0.3 Take it for a spin
Finally if all this works out you are ready to start a UML instance. Just run the following command, where you provide path to rootfs as the value against "ubda", and 256MiB as the RAM. DO NOT forget the "M" in 256M, else UML will try to boot with just to 256Bytes of RAM, and fail :). I usually provide 256MiB RAM, you can go as low as 100 or 50MiB.
./linux ubda=net_test.rootfs.20150203 mem=256M
You will see the VM booting, printing dmesg, bringing up the various kernel susbsystems. Finally when a promt to enter the password appears, enter root as the password. Play around with the tiny VM. When the fun ends, run "halt" to shutdown UML.
0.4 Attach GDB
It is fun to add breakpoints and view specific code in GDB. To do this, we have to first find the process id (PID) of the main UML process. Run the following command to find the UML pid. The output should show multiple PIDs
$ ps aux | grep ubda
0 t teja 27089 12160 2 80 0 - 17629 ptrace 16:52 pts/6 00:00:18 ./linux ubda=../rootfs_pool/net_test.rootfs.20150203 mem=50M
1 S teja 27094 27089 0 80 0 - 17629 read_e 16:52 pts/6 00:00:00 ./linux ubda=../rootfs_pool/net_test.rootfs.20150203 mem=50M
1 S teja 27095 27089 0 80 0 - 17629 poll_s 16:52 pts/6 00:00:00 ./linux ubda=../rootfs_pool/net_test.rootfs.20150203 mem=50M
1 S teja 27096 27089 0 80 0 - 17629 poll_s 16:52 pts/6 00:00:00 ./linux ubda=../rootfs_pool/net_test.rootfs.20150203 mem=50M
1 t teja 27097 27089 0 80 0 - 5206 ptrace 16:52 pts/6 00:00:00 ./linux ubda=../rootfs_pool/net_test.rootfs.20150203 mem=50M
1 t teja 27288 27089 0 80 0 - 5339 ptrace 16:52 pts/6 00:00:00 ./linux ubda=../rootfs_pool/net_test.rootfs.20150203 mem=50M
1 t teja 27352 27089 0 80 0 - 4990 ptrace 16:52 pts/6 00:00:00 ./linux ubda=../rootfs_pool/net_test.rootfs.20150203 mem=50M
1 t teja 27353 27089 0 80 0 - 5294 ptrace 16:52 pts/6 00:00:00 ./linux ubda=../rootfs_pool/net_test.rootfs.20150203 mem=50M
1 t teja 29405 27089 0 80 0 - 5003 ptrace 16:53 pts/6 00:00:00 ./linux ubda=../rootfs_pool/net_test.rootfs.20150203 mem=50M
1 t teja 29408 27089 0 80 0 - 5390 ptrace 16:53 pts/6 00:00:00 ./linux ubda=../rootfs_pool/net_test.rootfs.20150203 mem=50M
1 t teja 29410 27089 1 80 0 - 5717 ptrace 16:53 pts/6 00:00:08 ./linux ubda=../rootfs_pool/net_test.rootfs.20150203 mem=50M
0 S teja 30278 3682 0 80 0 - 5500 pipe_w 17:05 pts/1 00:00:00 grep --color=auto ubda
The third column is the process id and the fourth column is the parent PID. In the above output PID 27089 starts and then spawns the other threads. Attach gdb to the the main parent thread, which is 27089 in the above example.
sudo gdb -p 27089
GDB will read the symbols from linux and attach itself. Play around, check the backtrace, etc. All globals are now accessable.
0.5 A private UML subnet
In most cases we want to play around with two UMLs connected to each other and ignorant of the rest of the world. In such cases, the simplest way is to connect them using the mcast transport. Make copies of the rootfs, for each UML instance. In this case have two copies ready, and run them with one additional argument "eth0". This will add an additional eth0 interface. We set eth0 to mcast. i.e. the eth0 interfaces in both the instances are connected over mcast.

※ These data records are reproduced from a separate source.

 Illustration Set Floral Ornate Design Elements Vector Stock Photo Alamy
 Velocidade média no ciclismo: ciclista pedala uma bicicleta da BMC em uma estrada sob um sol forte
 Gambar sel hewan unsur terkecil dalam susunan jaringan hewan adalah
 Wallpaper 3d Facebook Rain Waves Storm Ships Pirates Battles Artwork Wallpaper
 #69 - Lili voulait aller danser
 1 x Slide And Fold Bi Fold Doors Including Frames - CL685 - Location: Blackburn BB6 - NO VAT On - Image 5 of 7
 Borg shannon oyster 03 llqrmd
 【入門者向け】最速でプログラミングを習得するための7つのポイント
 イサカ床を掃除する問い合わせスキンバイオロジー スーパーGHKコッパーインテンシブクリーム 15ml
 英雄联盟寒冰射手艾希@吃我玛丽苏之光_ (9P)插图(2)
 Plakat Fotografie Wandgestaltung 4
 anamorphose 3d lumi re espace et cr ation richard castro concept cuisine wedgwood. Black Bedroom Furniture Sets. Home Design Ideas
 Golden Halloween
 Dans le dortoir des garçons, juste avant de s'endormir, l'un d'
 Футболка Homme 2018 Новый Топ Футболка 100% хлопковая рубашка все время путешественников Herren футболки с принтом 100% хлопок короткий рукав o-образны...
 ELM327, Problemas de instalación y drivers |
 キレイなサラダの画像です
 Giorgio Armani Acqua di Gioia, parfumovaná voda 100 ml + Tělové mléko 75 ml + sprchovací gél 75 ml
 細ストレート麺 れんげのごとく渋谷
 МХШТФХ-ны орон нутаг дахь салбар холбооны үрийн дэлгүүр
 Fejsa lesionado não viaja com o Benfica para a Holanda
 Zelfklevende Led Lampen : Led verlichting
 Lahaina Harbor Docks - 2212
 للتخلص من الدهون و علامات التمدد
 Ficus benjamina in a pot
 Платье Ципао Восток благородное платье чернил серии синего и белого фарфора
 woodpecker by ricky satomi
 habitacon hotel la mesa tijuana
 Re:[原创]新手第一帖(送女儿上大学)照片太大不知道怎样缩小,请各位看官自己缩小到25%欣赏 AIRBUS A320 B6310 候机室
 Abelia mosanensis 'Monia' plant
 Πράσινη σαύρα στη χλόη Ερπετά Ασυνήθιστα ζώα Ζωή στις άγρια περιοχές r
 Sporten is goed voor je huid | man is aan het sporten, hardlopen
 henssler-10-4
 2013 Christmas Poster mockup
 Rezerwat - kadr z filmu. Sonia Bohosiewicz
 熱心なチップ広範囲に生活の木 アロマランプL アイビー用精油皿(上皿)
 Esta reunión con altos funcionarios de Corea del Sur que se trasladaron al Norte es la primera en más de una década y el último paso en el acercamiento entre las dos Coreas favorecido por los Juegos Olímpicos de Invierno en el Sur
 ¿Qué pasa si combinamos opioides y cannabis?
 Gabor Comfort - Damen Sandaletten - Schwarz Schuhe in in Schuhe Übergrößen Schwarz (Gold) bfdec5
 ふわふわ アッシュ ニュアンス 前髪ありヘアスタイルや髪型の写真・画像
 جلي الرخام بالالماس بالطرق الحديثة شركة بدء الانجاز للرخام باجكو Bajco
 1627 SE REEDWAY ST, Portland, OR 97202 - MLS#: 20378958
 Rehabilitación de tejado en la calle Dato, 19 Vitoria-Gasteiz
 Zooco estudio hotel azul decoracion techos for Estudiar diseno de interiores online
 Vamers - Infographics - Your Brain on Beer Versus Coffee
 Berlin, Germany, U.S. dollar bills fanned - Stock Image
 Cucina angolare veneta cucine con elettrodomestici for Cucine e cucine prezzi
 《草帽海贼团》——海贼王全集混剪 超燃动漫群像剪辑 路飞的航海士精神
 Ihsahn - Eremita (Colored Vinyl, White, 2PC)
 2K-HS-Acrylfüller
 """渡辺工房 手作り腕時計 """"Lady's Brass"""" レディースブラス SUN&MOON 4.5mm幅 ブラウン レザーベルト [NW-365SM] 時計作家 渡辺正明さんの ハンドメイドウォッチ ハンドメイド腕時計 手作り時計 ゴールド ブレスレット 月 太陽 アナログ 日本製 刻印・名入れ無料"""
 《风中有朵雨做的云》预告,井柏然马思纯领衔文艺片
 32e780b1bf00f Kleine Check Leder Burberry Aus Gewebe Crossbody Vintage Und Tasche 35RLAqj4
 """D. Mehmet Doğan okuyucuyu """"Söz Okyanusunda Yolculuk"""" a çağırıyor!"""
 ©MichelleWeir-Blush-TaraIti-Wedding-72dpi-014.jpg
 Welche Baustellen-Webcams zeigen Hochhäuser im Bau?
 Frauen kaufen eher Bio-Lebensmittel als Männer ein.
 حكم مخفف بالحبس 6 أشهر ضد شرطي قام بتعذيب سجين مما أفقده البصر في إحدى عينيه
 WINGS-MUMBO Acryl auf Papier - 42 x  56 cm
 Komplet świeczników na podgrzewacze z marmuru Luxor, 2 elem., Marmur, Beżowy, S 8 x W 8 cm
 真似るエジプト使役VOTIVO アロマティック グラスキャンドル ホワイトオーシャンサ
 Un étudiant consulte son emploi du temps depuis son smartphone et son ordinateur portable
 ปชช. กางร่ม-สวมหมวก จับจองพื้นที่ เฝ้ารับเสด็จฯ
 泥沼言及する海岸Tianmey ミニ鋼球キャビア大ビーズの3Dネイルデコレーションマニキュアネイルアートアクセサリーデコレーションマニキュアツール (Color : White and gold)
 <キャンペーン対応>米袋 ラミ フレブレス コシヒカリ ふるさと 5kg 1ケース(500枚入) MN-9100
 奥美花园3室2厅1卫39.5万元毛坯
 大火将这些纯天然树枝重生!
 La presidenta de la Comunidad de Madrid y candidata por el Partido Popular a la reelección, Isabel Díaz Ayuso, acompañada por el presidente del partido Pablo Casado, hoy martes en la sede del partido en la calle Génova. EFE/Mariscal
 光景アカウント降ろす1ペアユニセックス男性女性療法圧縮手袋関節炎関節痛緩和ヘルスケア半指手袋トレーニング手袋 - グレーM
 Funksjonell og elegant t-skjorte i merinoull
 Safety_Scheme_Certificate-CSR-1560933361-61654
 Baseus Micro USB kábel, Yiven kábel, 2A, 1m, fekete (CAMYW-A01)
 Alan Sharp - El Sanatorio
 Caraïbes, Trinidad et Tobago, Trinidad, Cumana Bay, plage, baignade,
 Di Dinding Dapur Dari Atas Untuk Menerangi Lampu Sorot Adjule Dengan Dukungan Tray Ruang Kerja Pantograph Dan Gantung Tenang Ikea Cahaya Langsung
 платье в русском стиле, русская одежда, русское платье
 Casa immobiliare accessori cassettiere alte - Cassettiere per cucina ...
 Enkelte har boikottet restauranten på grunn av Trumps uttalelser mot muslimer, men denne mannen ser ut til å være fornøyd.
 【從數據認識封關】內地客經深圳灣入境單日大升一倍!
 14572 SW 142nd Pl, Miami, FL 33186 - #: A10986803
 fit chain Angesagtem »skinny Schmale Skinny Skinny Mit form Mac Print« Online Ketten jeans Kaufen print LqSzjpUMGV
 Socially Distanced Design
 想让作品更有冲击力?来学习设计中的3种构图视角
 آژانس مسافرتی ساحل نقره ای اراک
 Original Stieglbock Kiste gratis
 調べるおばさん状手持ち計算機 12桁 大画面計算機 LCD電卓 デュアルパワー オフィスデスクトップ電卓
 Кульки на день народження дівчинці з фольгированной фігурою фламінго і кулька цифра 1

./linux ubda=net_test.rootfs.20150203_1 mem=256M eth0=mcast
./linux ubda=net_test.rootfs.20150203_2 mem=256M eth0=mcast
Assign addresses to the eth0 interfaces, and they are ready. You try pinging the other UML. Command to assign address is:
ip address add 192.168.1.1/24 dev eth0
The full mcast readme is here. It contains details to create more complex mcast networks.
On assigning mcast to a eth device, each UML instance opens sockets which listen to multicast traffic. If a multicast address is not assigned (like above), all the instances listen to 239.192.168.1 . All packets are received and then filtered out based on destination MAC address. The packets can even be seen in packetdumps collected in the host OS. Quoting from the above readme, "It's basically like an ethernet where all machines have promiscuous mode turned on". Bad for performance, but very easy to setup.